Di masa lalu, istilah "Gus" berasal dari kata "Gusti," yang sering digunakan untuk merujuk kepada putra-putra raja di Keraton Kasunanan Surakarta Hadiningrat. Pada era pemerintahan Sri Susuhunan Pakubuwono IV (1788-1820 M), istilah ini menjadi identitas bagi anak-anak raja yang memiliki status tinggi. Rakyat biasa sering menyapa para putra raja dengan sebutan "Gusti" atau "Den Bagus," gelar yang melambangkan kehormatan serta kedudukan sosial yang tinggi. Gelar "Gus" memang lekat dengan sosok pria yang memiliki reputasi sebagai tokoh terkenal, terutama di kalangan Nahdlatul Ulama (NU). Salah satu tokoh yang terkenal dengan sapaan Gus adalah Abdurrahman Wahid, Presiden keempat Indonesia yang akrab disapa Gus Dur.[1]

 

Di Madura, istilah "Gus" lebih akrab dipanggil dengan sebutan "Lora", "Nom", dan "Bindhere". Oleh karena itu, seorang putra kiai besar di Madura biasanya lebih sering dipanggil Lora daripada Gus.
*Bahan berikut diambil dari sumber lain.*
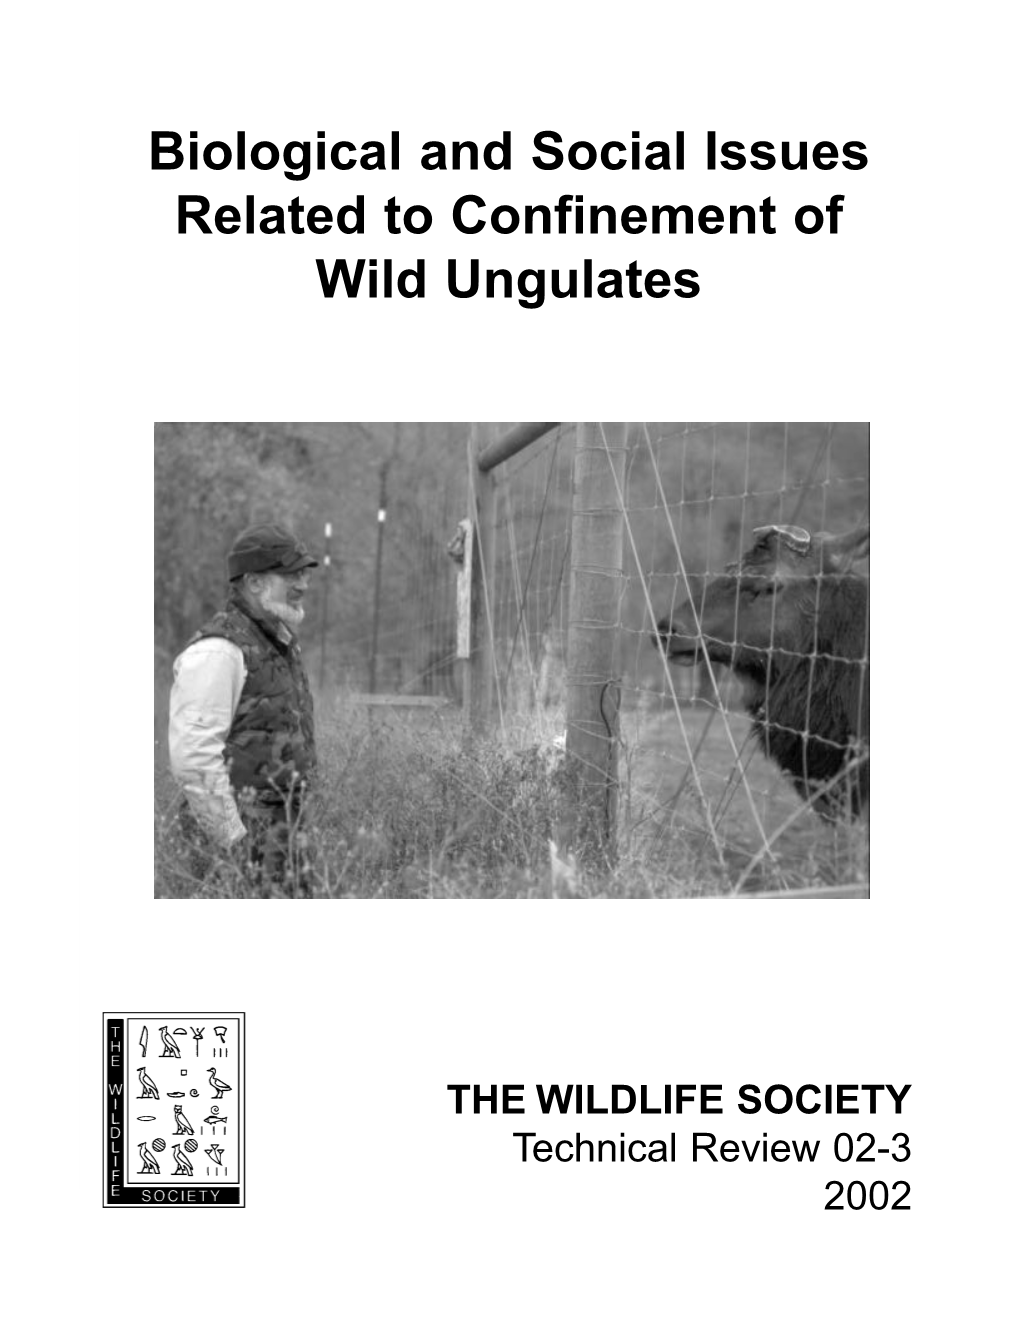 Biological and Social Issues Related to Confinement of Wild Ungulates
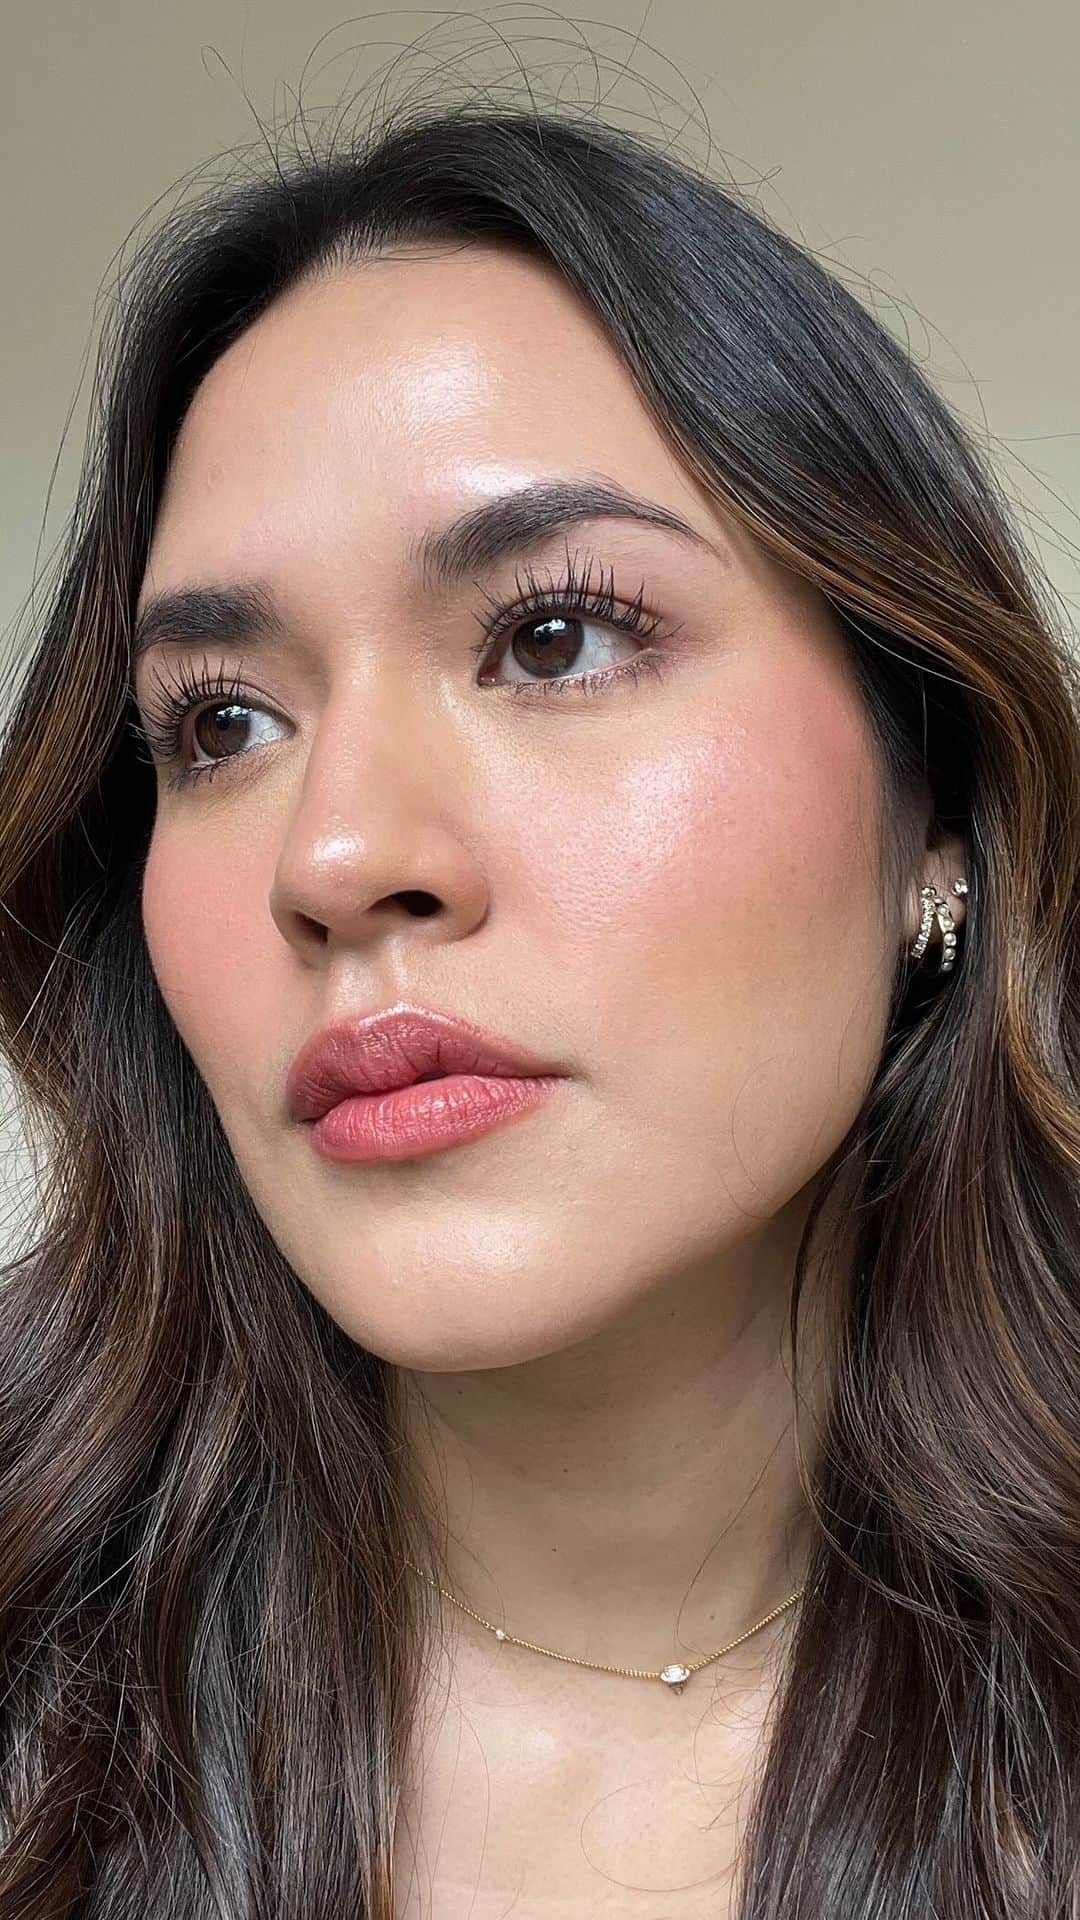 Raisa Andrianaのインスタグラム：「Step into the weekend vibes with our founder @raisa6690 as she guides us through her effortless GRWM routine for that bare-but-better look ✨  @raisa6690 wears:  The Daily Skin Drops in shade Light Medium Soft Cheek Color Drops in shade I’m in The Mood Lip Velvet Hydrating Balm in shade Gentle Light  Ready to slay this weekend? Drop a '💖' if you are!  (*)Psst.. exciting news! Our best selling Soft Cheek Color Drops in shade I'm in The Mood is finally back in stock, go get yours now! 🛍️  #LoveAtFirstDrop #RaineBeauty #ConsciousBeauty」

Meskipun demikian, baik Lora maupun Gus merujuk pada gelar yang diberikan kepada putra dari kiai, terutama yang mengelola pesantren. Tidak semua kiai memiliki pesantren, namun gelar Gus tetap digunakan untuk mereka. Selain untuk anak kandung, gelar Gus juga bisa diberikan kepada menantu kiai. Meskipun menantu tersebut tidak memiliki garis keturunan kiai, mereka tetap bisa dipanggil Gus. Ketika anak kandung kiai menjabat sebagai pengurus pesantren menggantikan ayahnya, gelar kiai akan disematkan kepada mereka, dan gelar Gus yang sebelumnya melekat akan hilang. Begitu pula, putri kiai yang awalnya dipanggil "Neng" akan beralih menjadi "Nyai". Meski demikian, sebutan Gus tidak hanya melambangkan keturunan kiai, tetapi juga menjadi simbol keilmuan dan akhlak sosial seseorang, terutama bagi santri. Dengan demikian, kita seringkali menemui gelar Gus disematkan kepada individu yang bukan dari keturunan kiai.[2]

 

Dalam konteks masyarakat Jawa, peran Gus sangatlah beragam dan multifaset. Mereka tidak hanya berfungsi sebagai pemimpin spiritual, tetapi juga sebagai agen perubahan yang mampu menghubungkan tradisi dengan modernitas. Gus sering diharapkan untuk memberikan bimbingan di berbagai aspek kehidupan, mulai dari pendidikan, sosial, hingga ekonomi. Dengan demikian, mereka menjadi figur sentral yang mendampingi masyarakat dalam menghadapi tantangan zaman, sambil tetap memegang teguh nilai-nilai luhur yang diwariskan oleh para pendahulu.

 

Tradisi Gus juga mencerminkan struktur sosial yang terdapat dalam masyarakat Jawa. Di banyak komunitas, sosok Gus dianggap sebagai simbol status dan kehormatan, yang biasanya disertai dengan tanggung jawab untuk menjaga dan melestarikan tradisi keagamaan. Panggilan ini membangun ikatan yang kuat antar generasi, di mana nilai-nilai dan ajaran agama diturunkan dari orang tua kepada anak-anak, serta dari Gus kepada masyarakat secara luas. Hal ini menegaskan betapa pentingnya peran Gus dalam mempertahankan kesinambungan budaya dan spiritual di tengah perubahan zaman.[3]

 

Mungkin ada kebenaran dalam pandangan ini, tetapi bisa juga sebaliknya. Istilah "Gus" merupakan singkatan dari "bagus" dalam bahasa Jawa, yang menyiratkan makna luas, baik, pintar, dan ganteng. Panggilan "Gus" biasanya ditujukan bagi anak laki-laki dan sarat dengan nuansa pujian serta doa. Istilah ini lebih akrab di telinga santri dan masyarakat tradisional Jawa. Di banyak daerah, terutama di Pulau Jawa, anak laki-laki sering dipanggil "Gus" karena maknanya yang mengandung doa. Selain itu, nama ini juga kerap disisipkan dalam nama belakang anak, seperti Agus atau Bagus. Gelar Gus mencerminkan ketokohan seseorang dalam konteks agama, di mana seseorang yang memiliki pemahaman agama yang mendalam, meskipun bukan keturunan kiai, tetap bisa mendapat panggilan ini. Oleh karena itu, dari sudut pandang sosiologis, gelar "Gus" dapat diperoleh melalui dua cara: status yang diwariskan (ascribed status) berdasarkan keturunan, dan status yang dicapai (achieved status) melalui usaha dan pengorbanan.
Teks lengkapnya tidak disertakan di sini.